■ About this task: In the records below, find the line that contains "La façade ouest" and the line that contains "Potret Cantik Catheez, Gamer". Set down exactly those lines and every line between them, and nothing more.

(Source records begins)

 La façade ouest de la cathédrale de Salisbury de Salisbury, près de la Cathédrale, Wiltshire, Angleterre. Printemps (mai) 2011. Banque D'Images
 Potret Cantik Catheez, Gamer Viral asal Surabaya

(Source records ends)
(Source records begins)

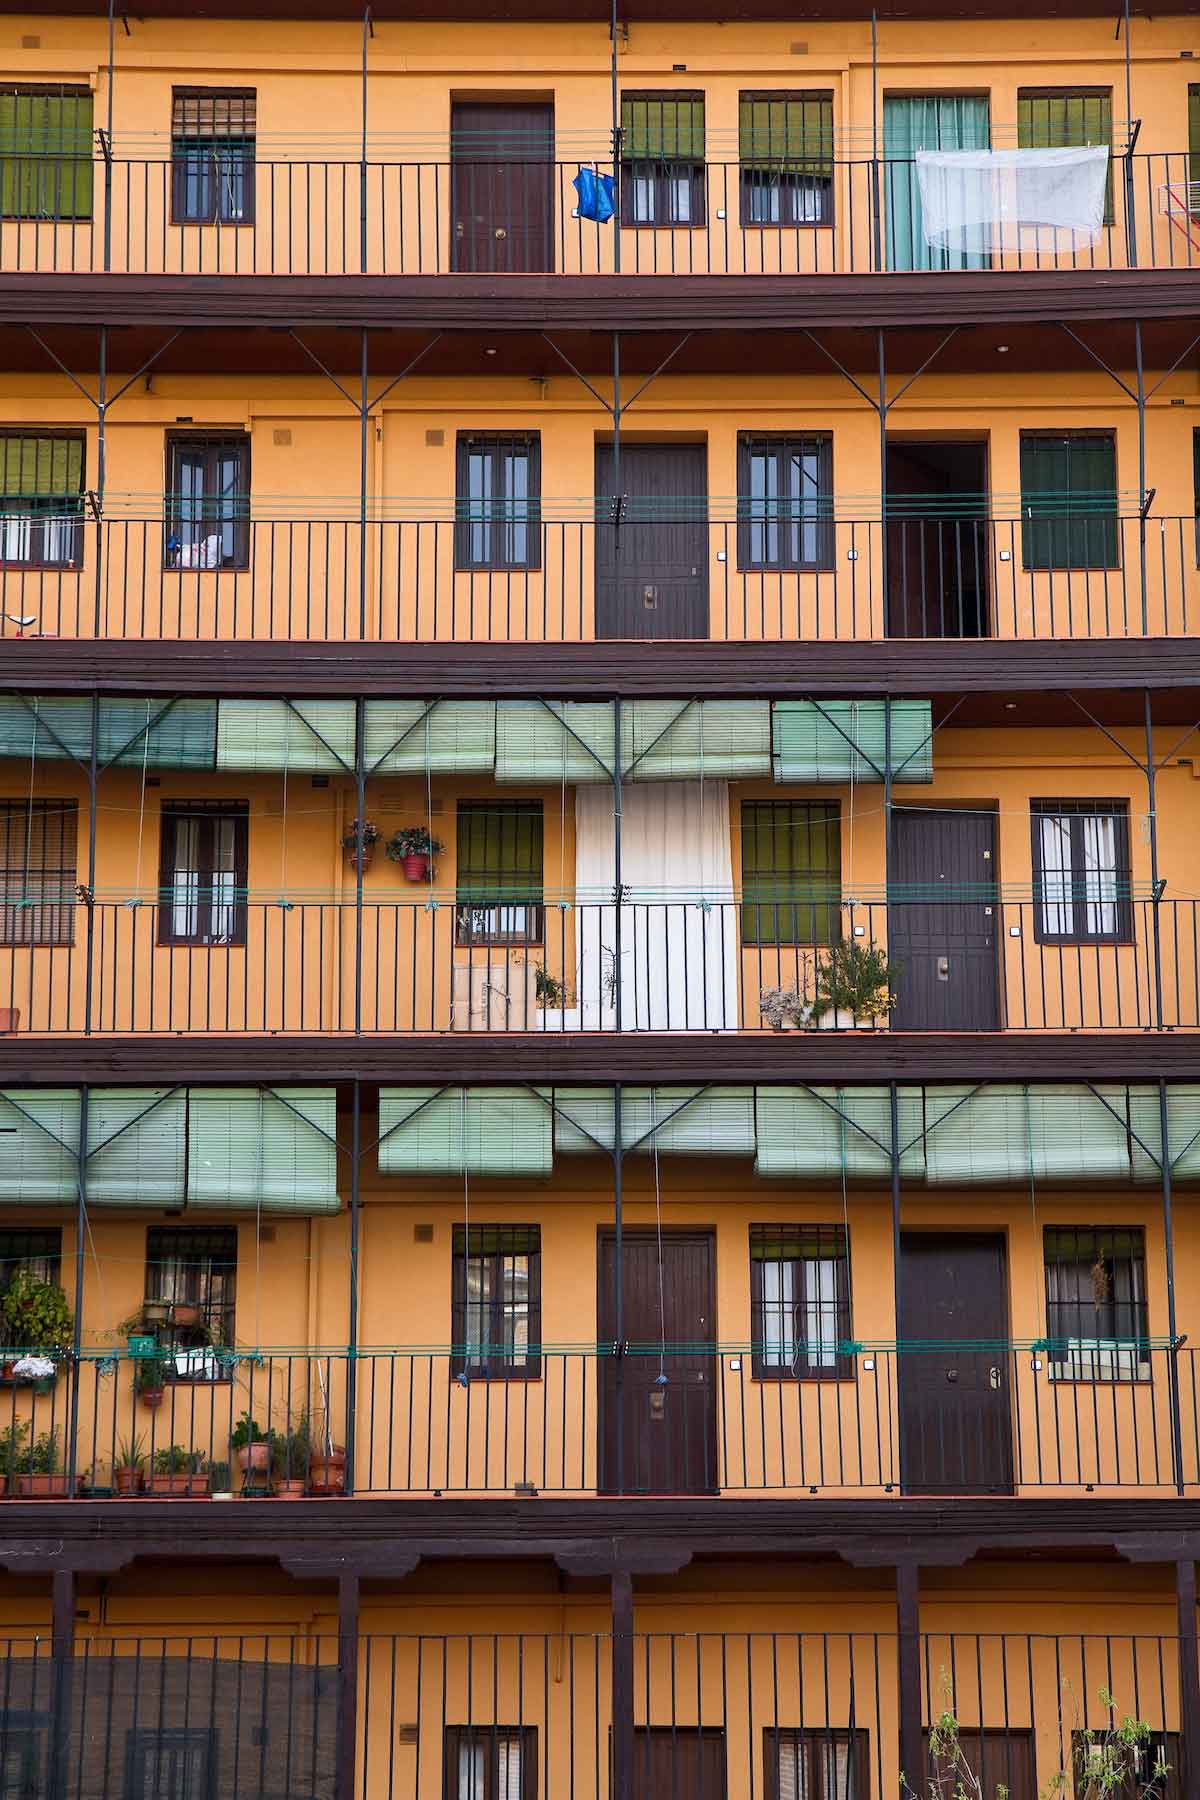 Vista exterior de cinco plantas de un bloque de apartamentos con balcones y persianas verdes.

(Source records ends)

■ Response to this task:
 La façade ouest de la cathédrale de Salisbury de Salisbury, près de la Cathédrale, Wiltshire, Angleterre. Printemps (mai) 2011. Banque D'Images
 Potret Cantik Catheez, Gamer Viral asal Surabaya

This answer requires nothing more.